Declaring Our Human Rights Toolkit

Most of us say we know a lot about human rights, but struggle to define them and give examples. The “Declaring Our Human Rights” theme will help build our foundation for human rights by doing a deep dive into the Universal Declaration of Human Rights (UDHR).

As human rights advocates, we need to think critically about the different ways our human rights can be impacted. Some violations are in our face obvious, while others, we may not know are even happening to us. Often, we recognize when someone else’s human rights are being violated, but do we know what to do when we see a violation? Or do we know when we’re experiencing a violation ourselves? Do we notice when our rights are being upheld? Do we take that for granted?

What Are Human Rights?

Where do human rights begin? In small places, close to home, so close and so small that they cannot be seen on any maps of the world. Yet they are the world of the individual person… Such are the places where every man, woman, and child seeks equal justice, equal opportunity, equal dignity without discrimination.

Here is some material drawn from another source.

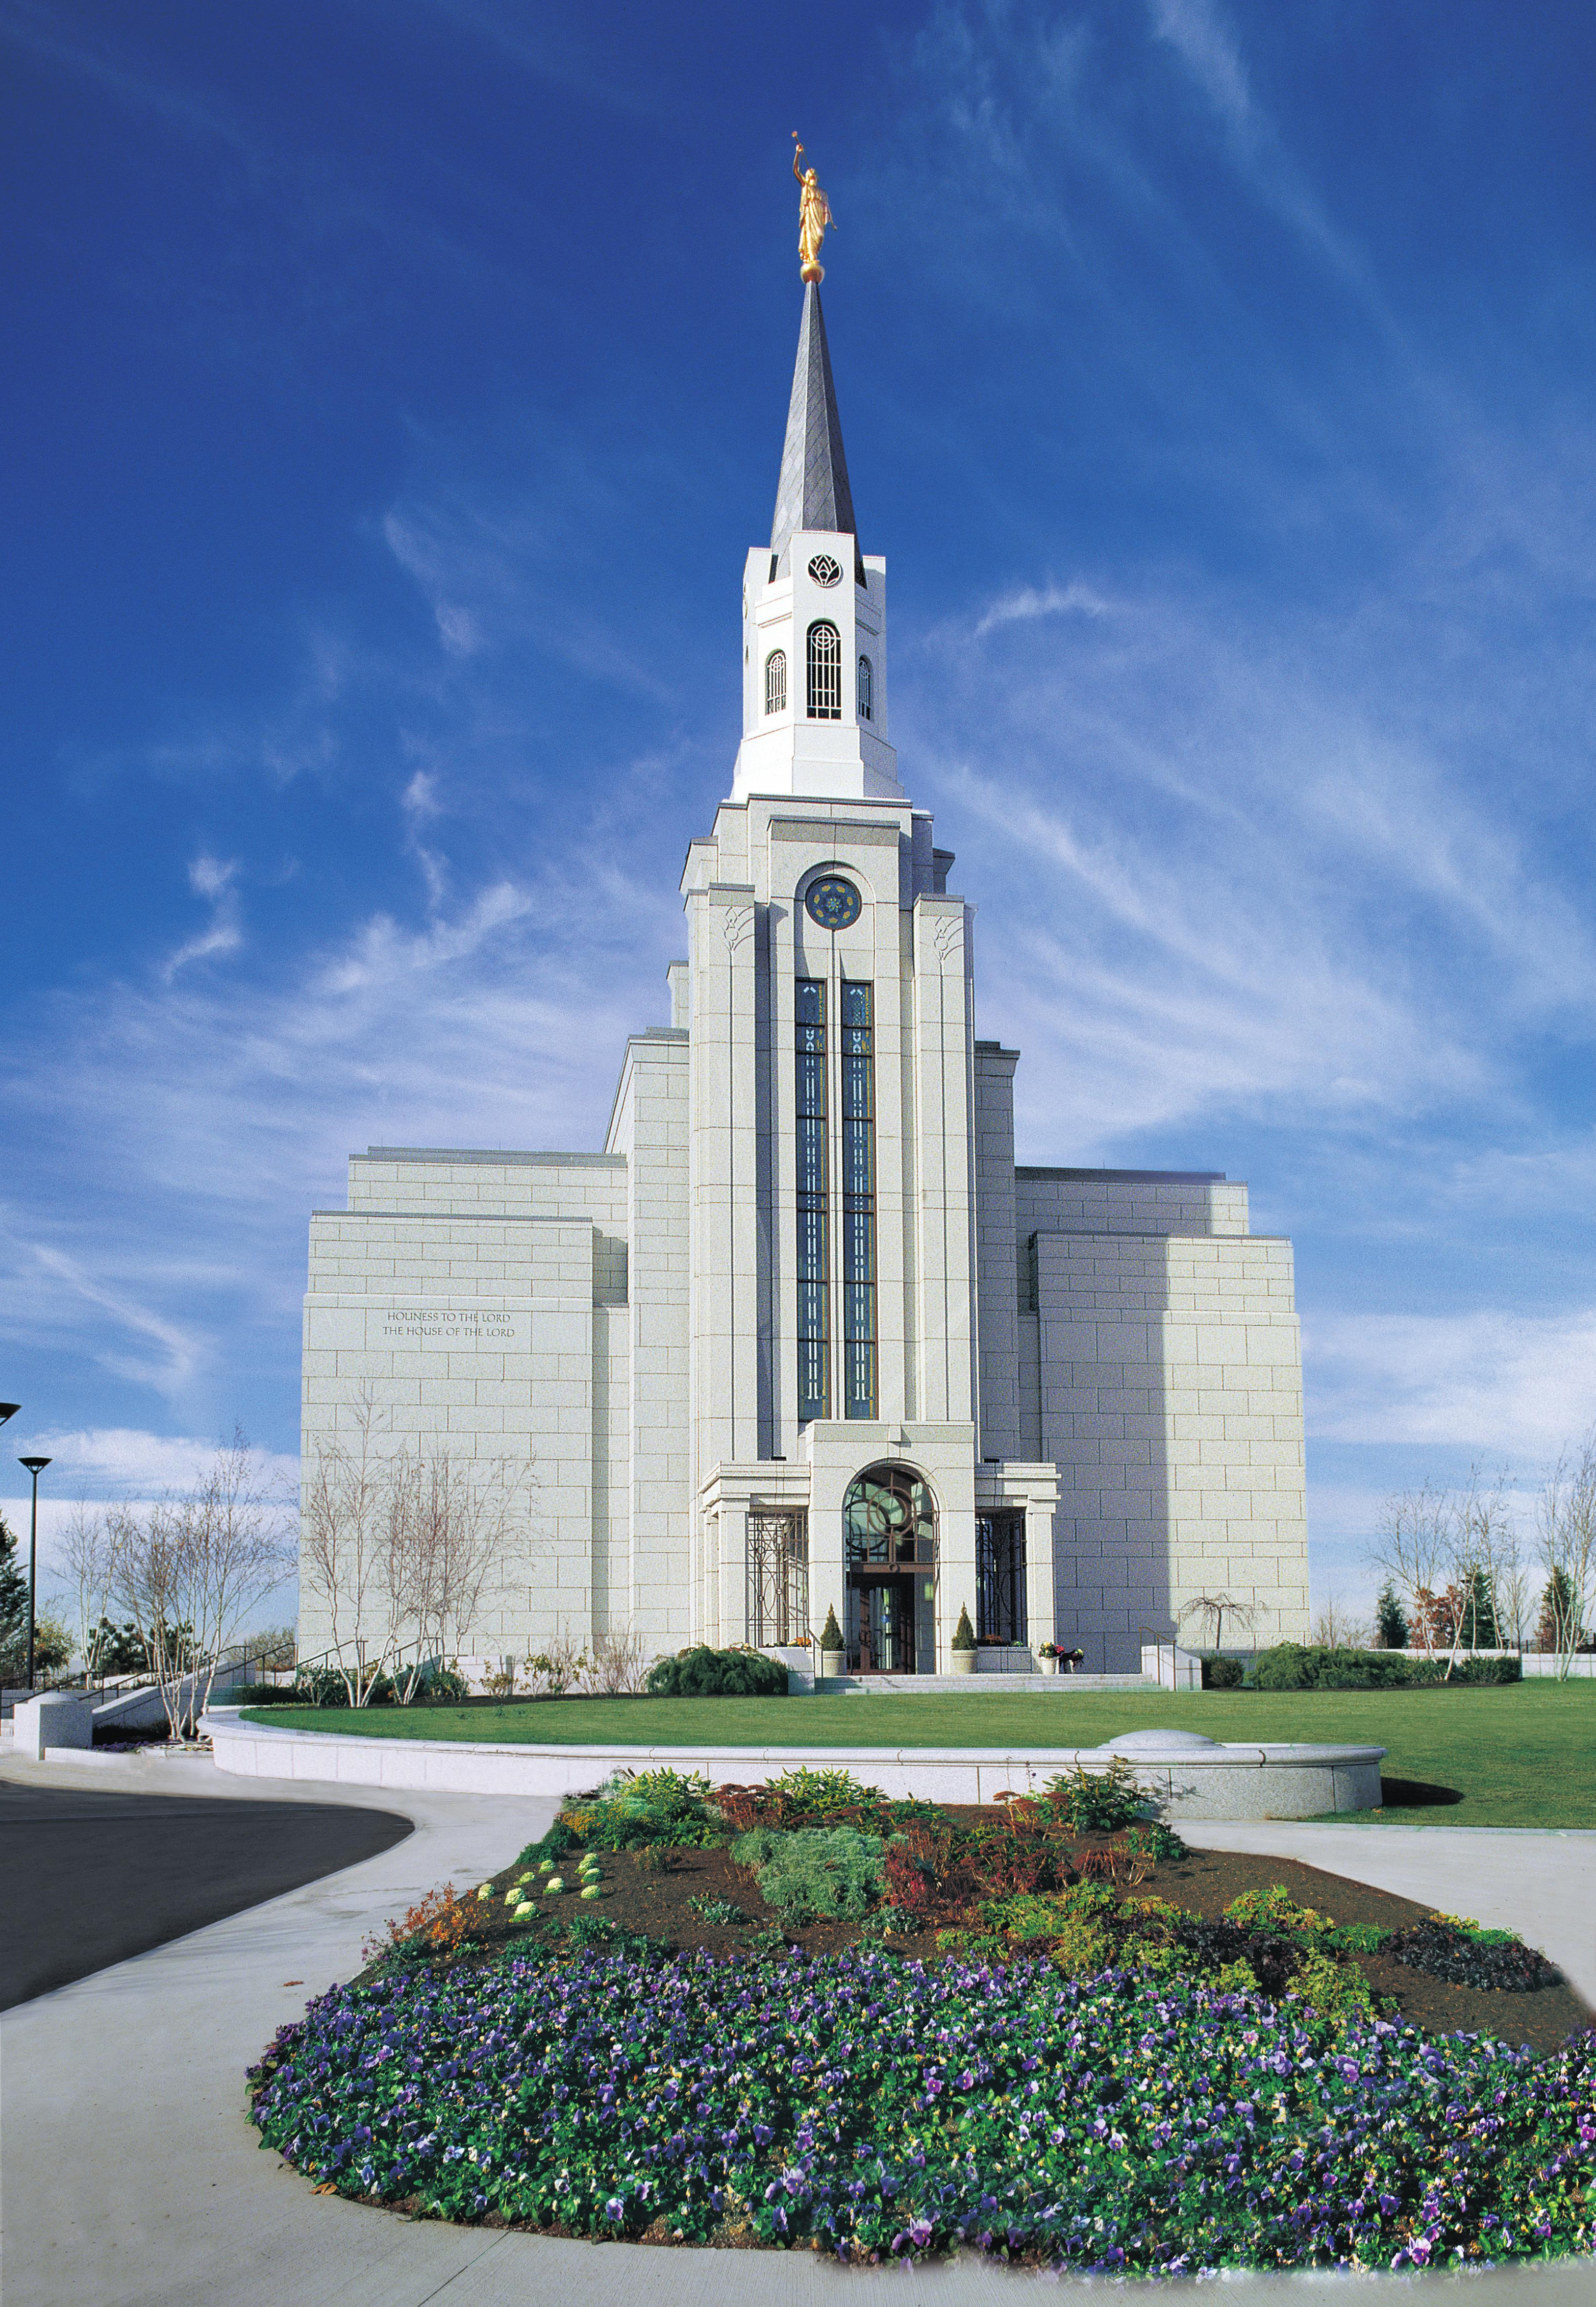 The Church of Jesus Christ of Latter-Day Saints | 6400 Park Ave, Lake Isabella, CA, 93240 | +1 (760) 379-2904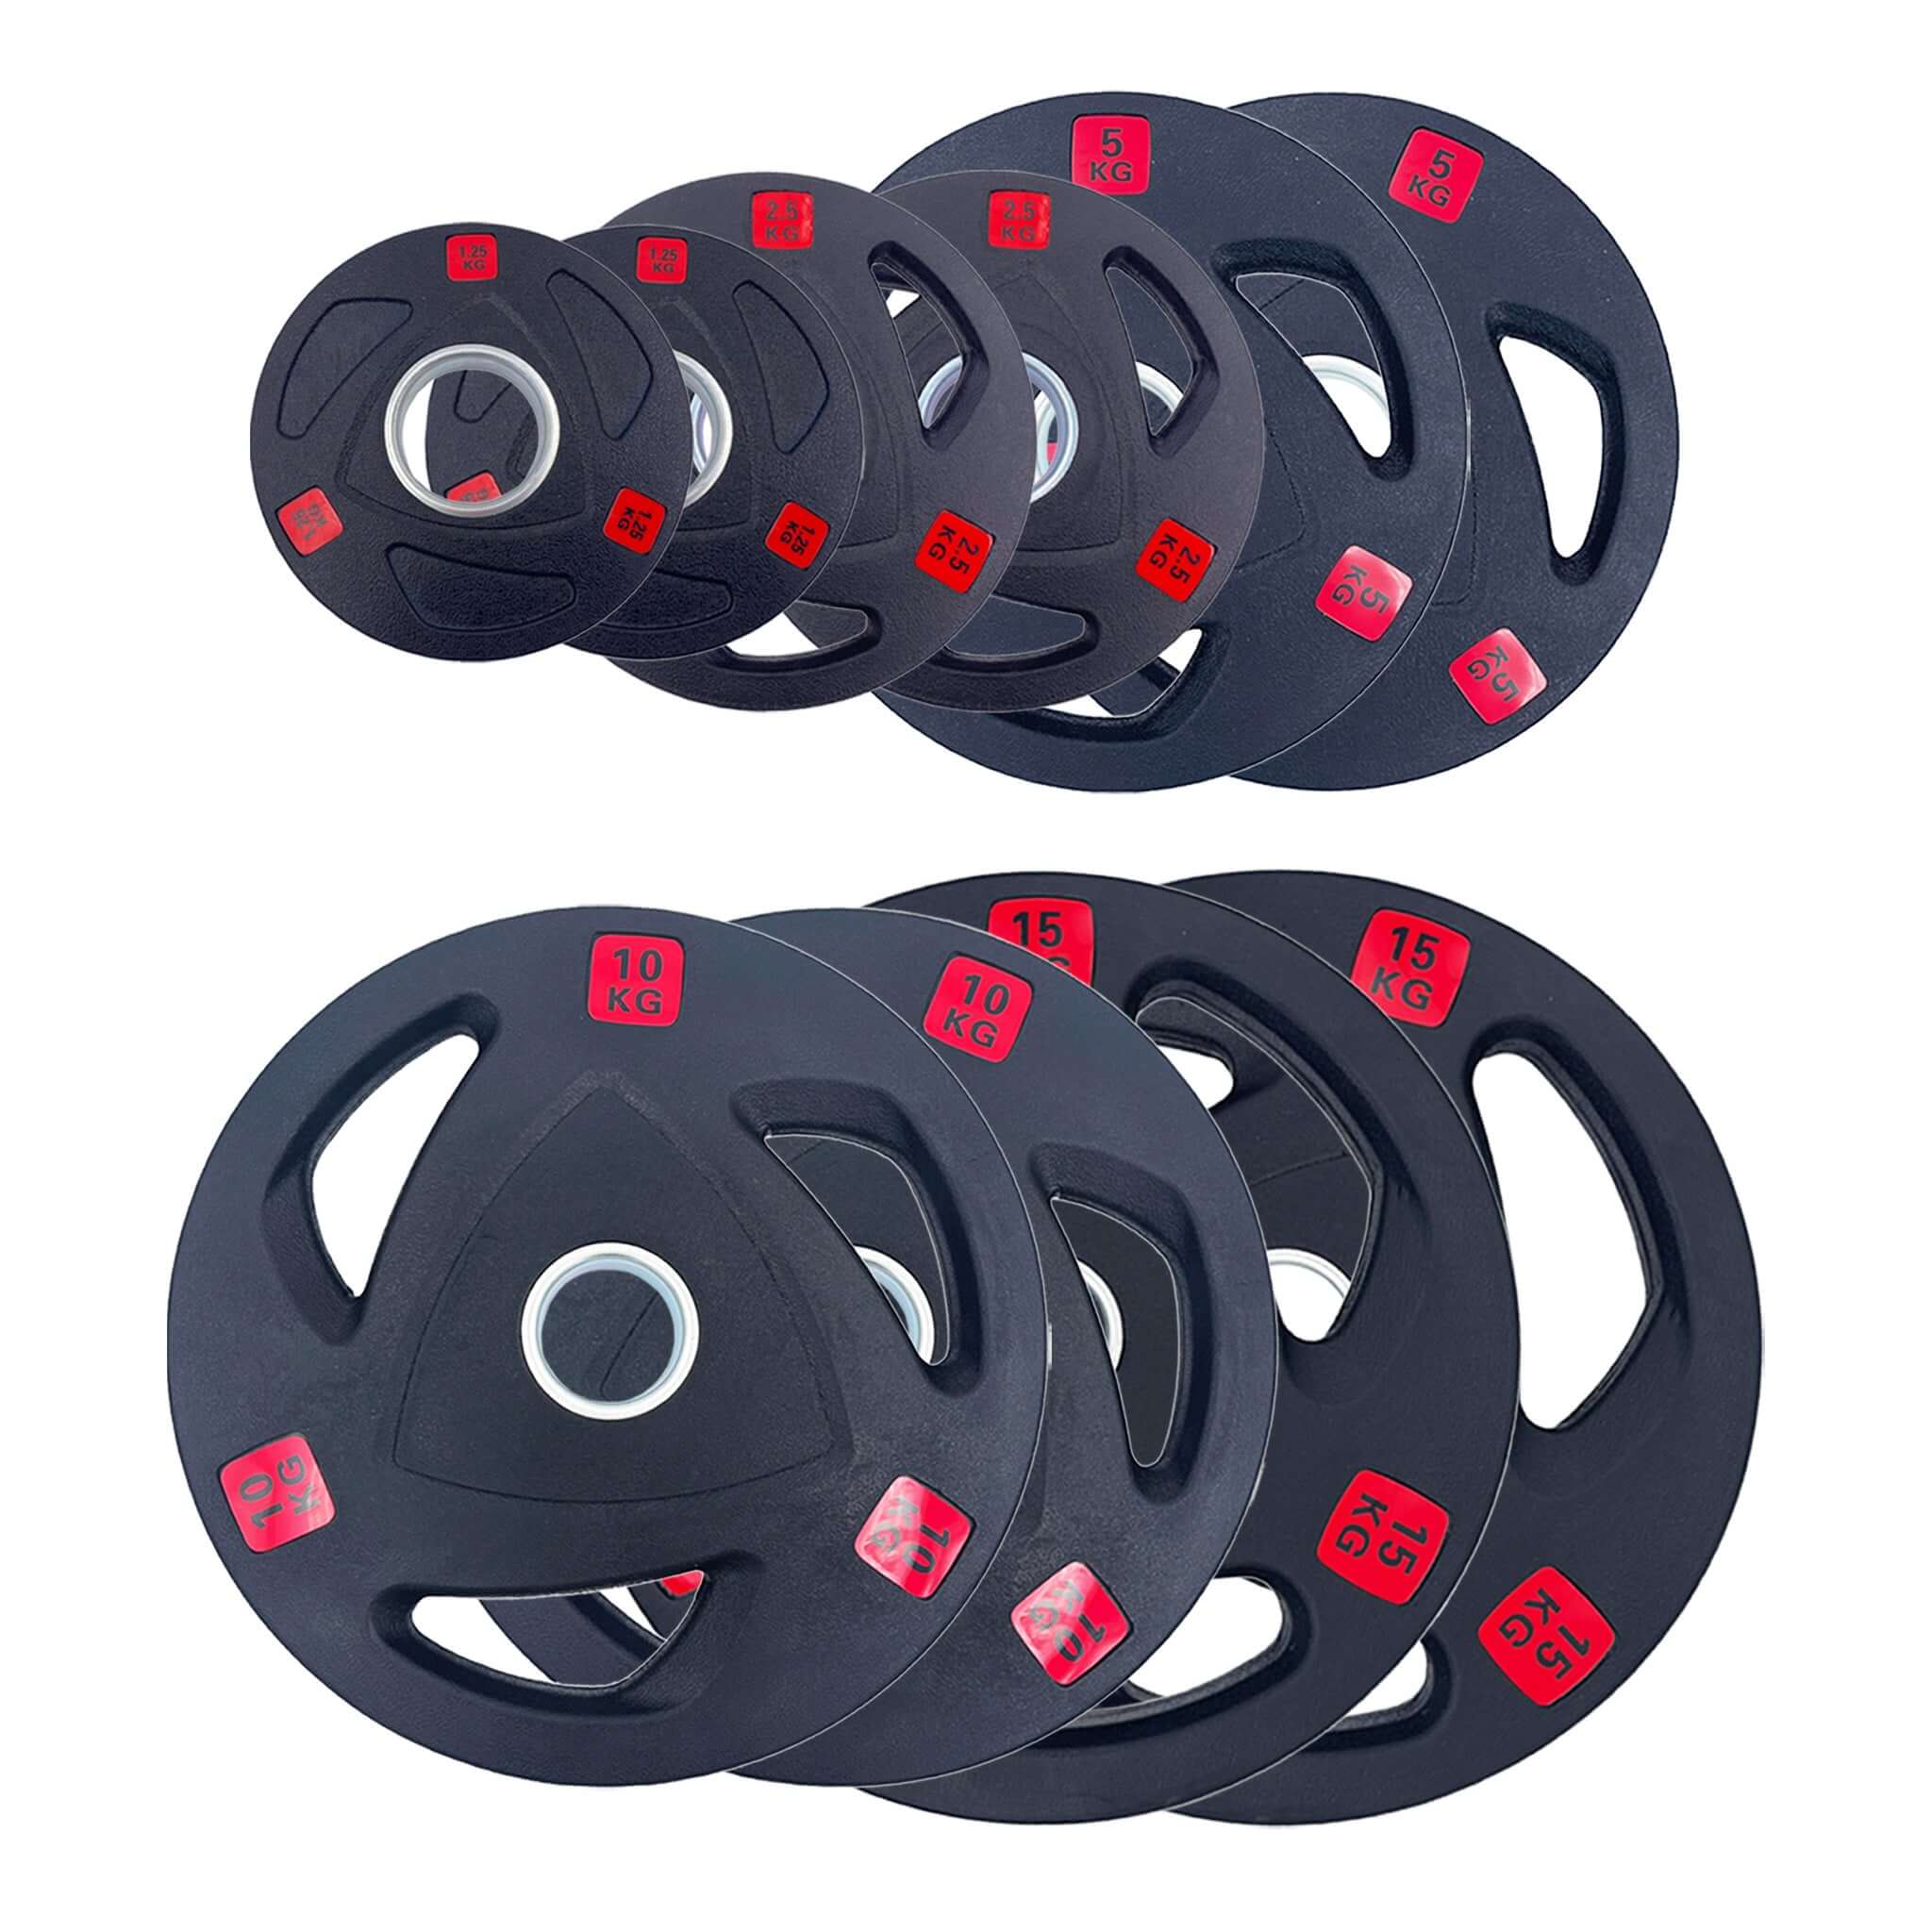 67.5kg Rubber Tri-Grip Weight Plates Package Type-A | INSOURCE

Eleanor Roosevelt, U.S. First Lady, 1948

Human Rights

Rights we have simply because we exist as human beings – they are not granted by any state. These universal rights are inherent to us all, regardless of nationality, sex, national or ethnic origin, color, religion, language, or any other status. (OHCHR) 

Universal

Applicable to all members of a group or set. Relate equally to all human beings simply because we are born human. We are all equally entitled to our human rights. The universality of human rights is the cornerstone of international human rights law.  (OHCHR)

Inalienable

Human rights should not be taken away from any person, except in specific situations and according to due process. For example, the right to liberty may be restricted if a person is found guilty of a crime by a court of law. (OHCHR)

Indivisible & Interdependent

All human rights are of equal importance and one set of rights cannot be enjoyed fully without the other. For example, upholding the right to education makes it easier to ensure an adequate standard of living. (OHCHR)

The Universal Declaration of Human Rights: The 75th Anniversary

Proclaimed by the United Nations General Assembly on December 10, 1948, the Universal Declaration of Human Rights (UDHR) is a milestone document in the history of human rights as a common standard of achievements for all peoples and all nations. It sets out, for the first time, fundamental human rights to be universally protected.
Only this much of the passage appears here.